What the task requires:
Each line below must be set down exactly; omit any image you find.
*** Source records Section Begins ***
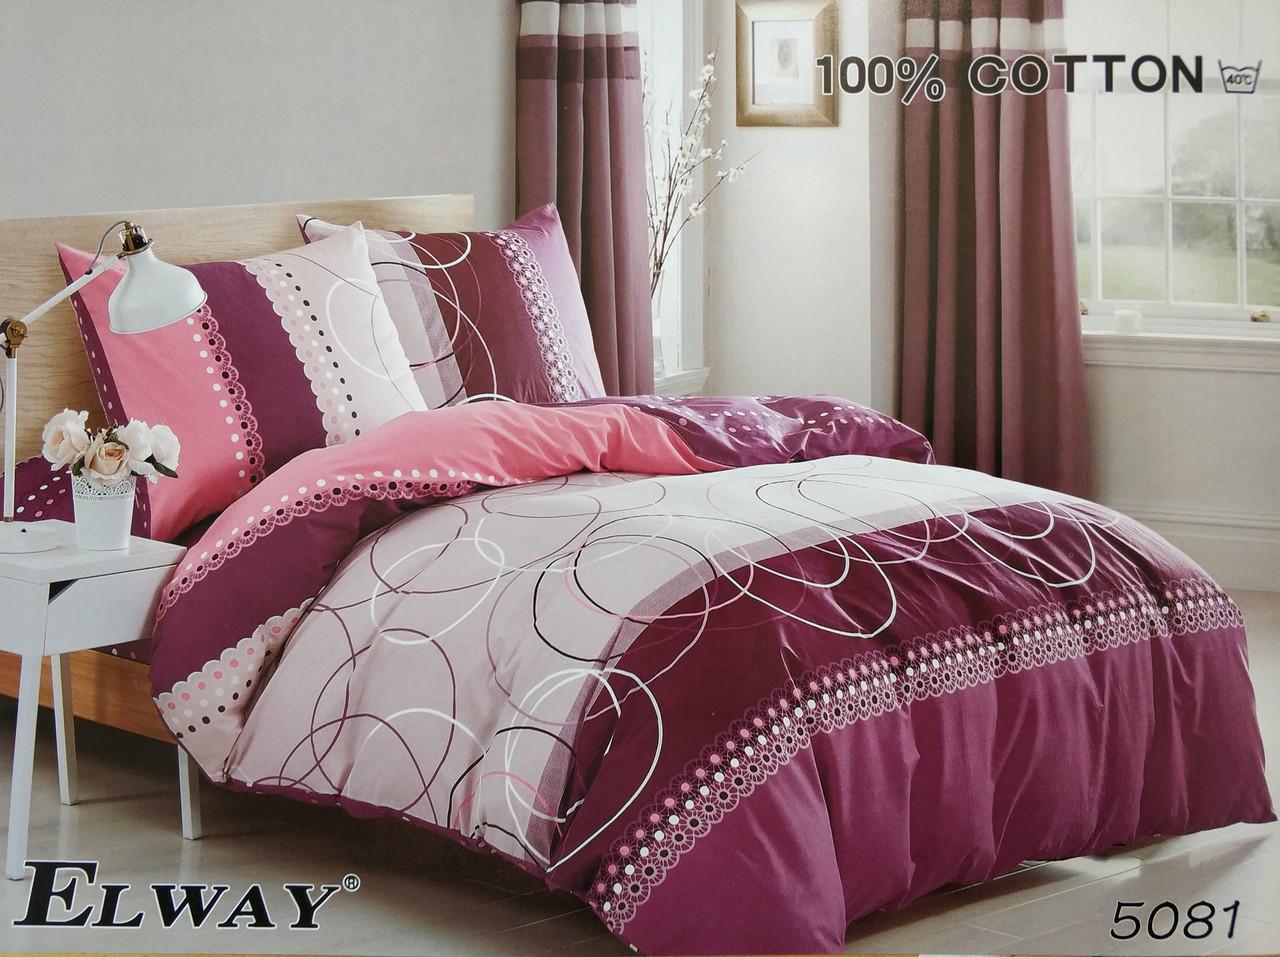 Сатиновое постельное белье полуторное ELWAY 5081 «Геометрические узоры»
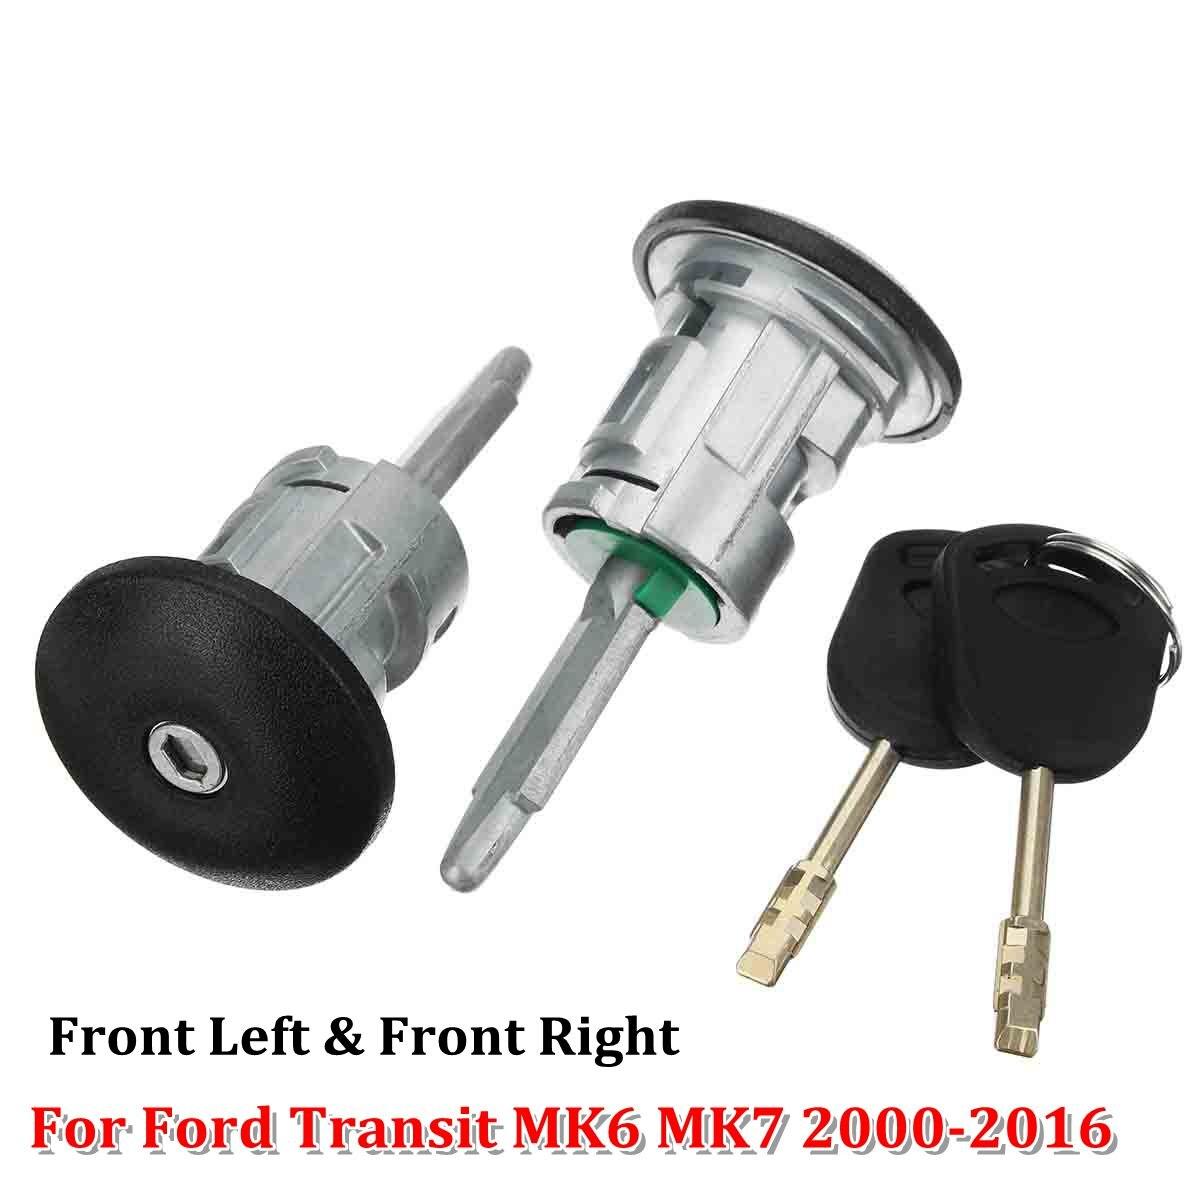 2pcs Car Front Left & Right Door Lock Barrels 2 Keys For Ford Transit MK6 MK7 2000-2016 060638 YC15-V220K51AA 4060639 YC15-V22
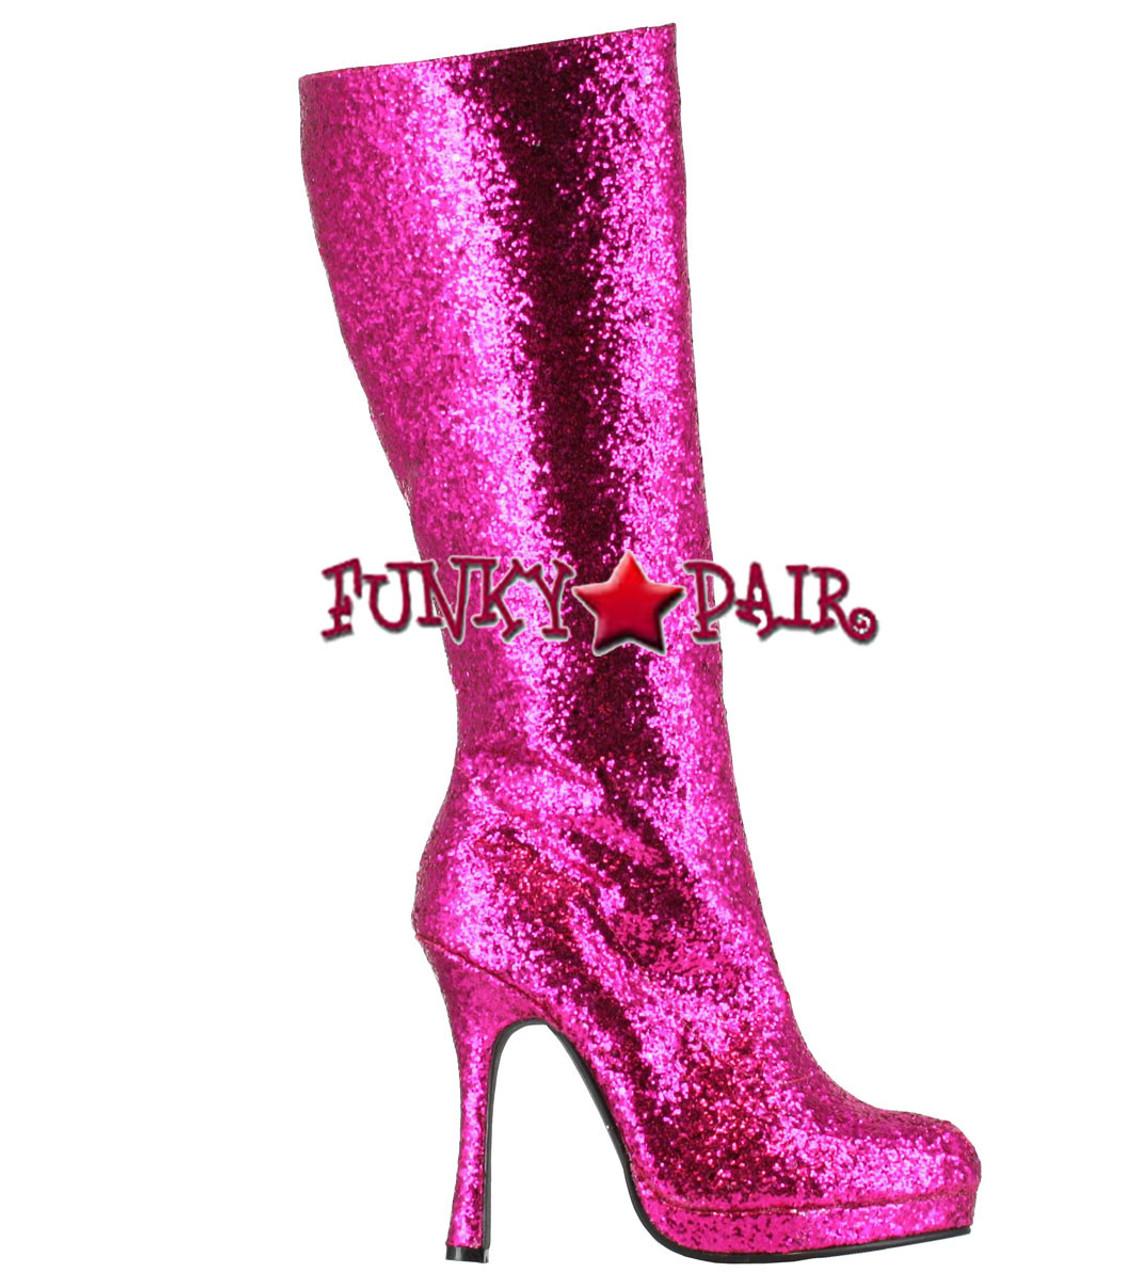 zapatos salomon venezuela zara zara4
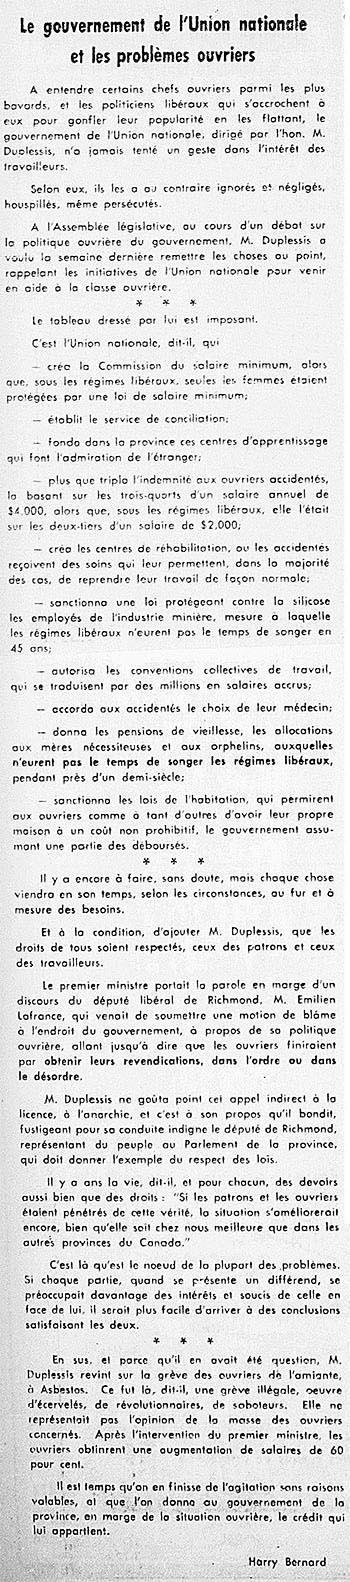 edito_12fevrier1959_350
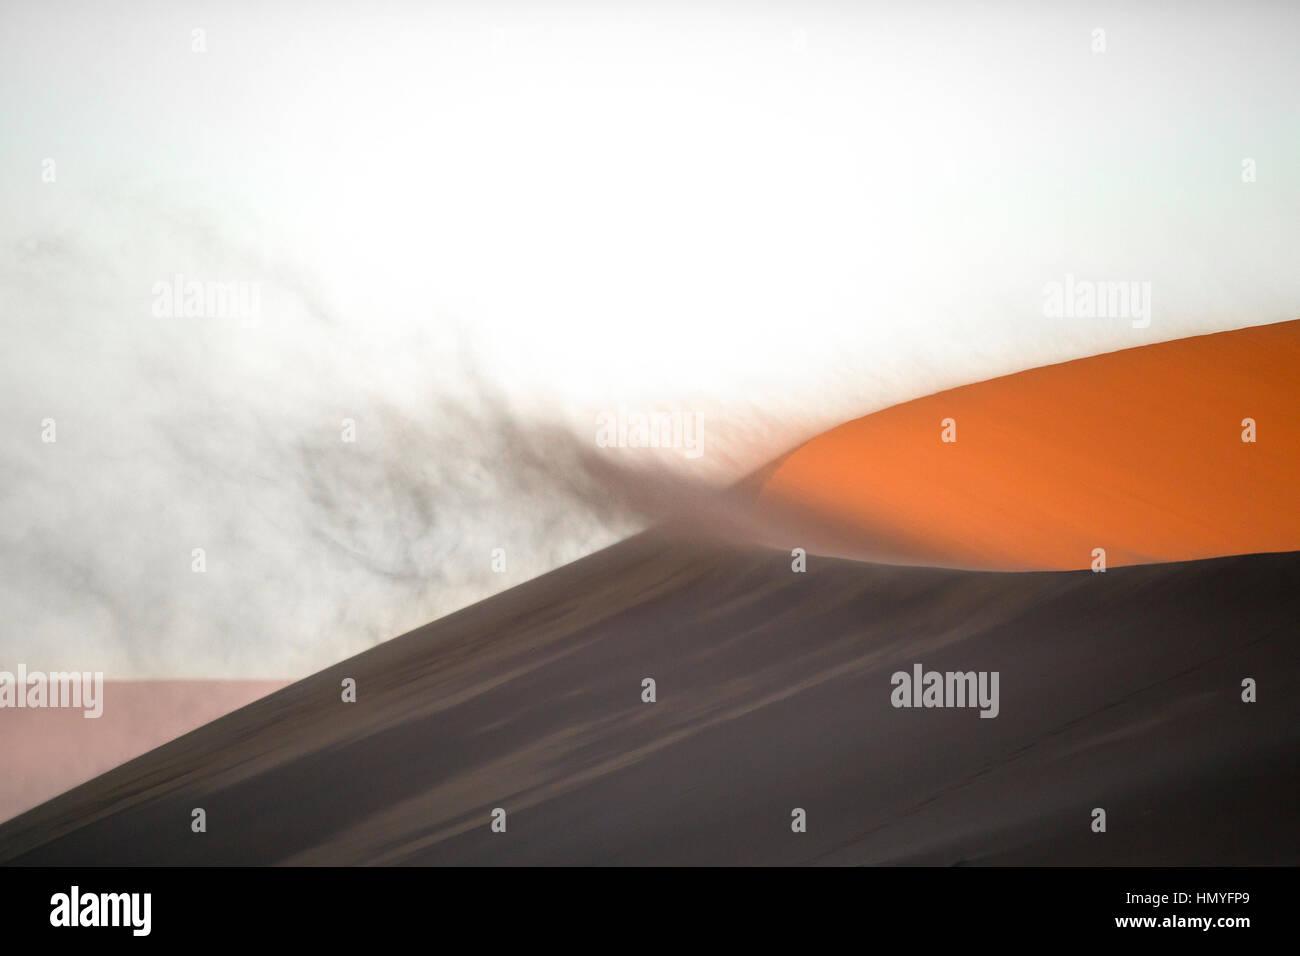 Sand blowing off une dune de sable Banque D'Images
*** Source records Section Ends ***
Exercise response:
 Сатиновое постельное белье полуторное ELWAY 5081 «Геометрические узоры»
 2pcs Car Front Left & Right Door Lock Barrels 2 Keys For Ford Transit MK6 MK7 2000-2016 060638 YC15-V220K51AA 4060639 YC15-V22
 zapatos salomon venezuela zara zara4
 edito_12fevrier1959_350
 Sand blowing off une dune de sable Banque D'Images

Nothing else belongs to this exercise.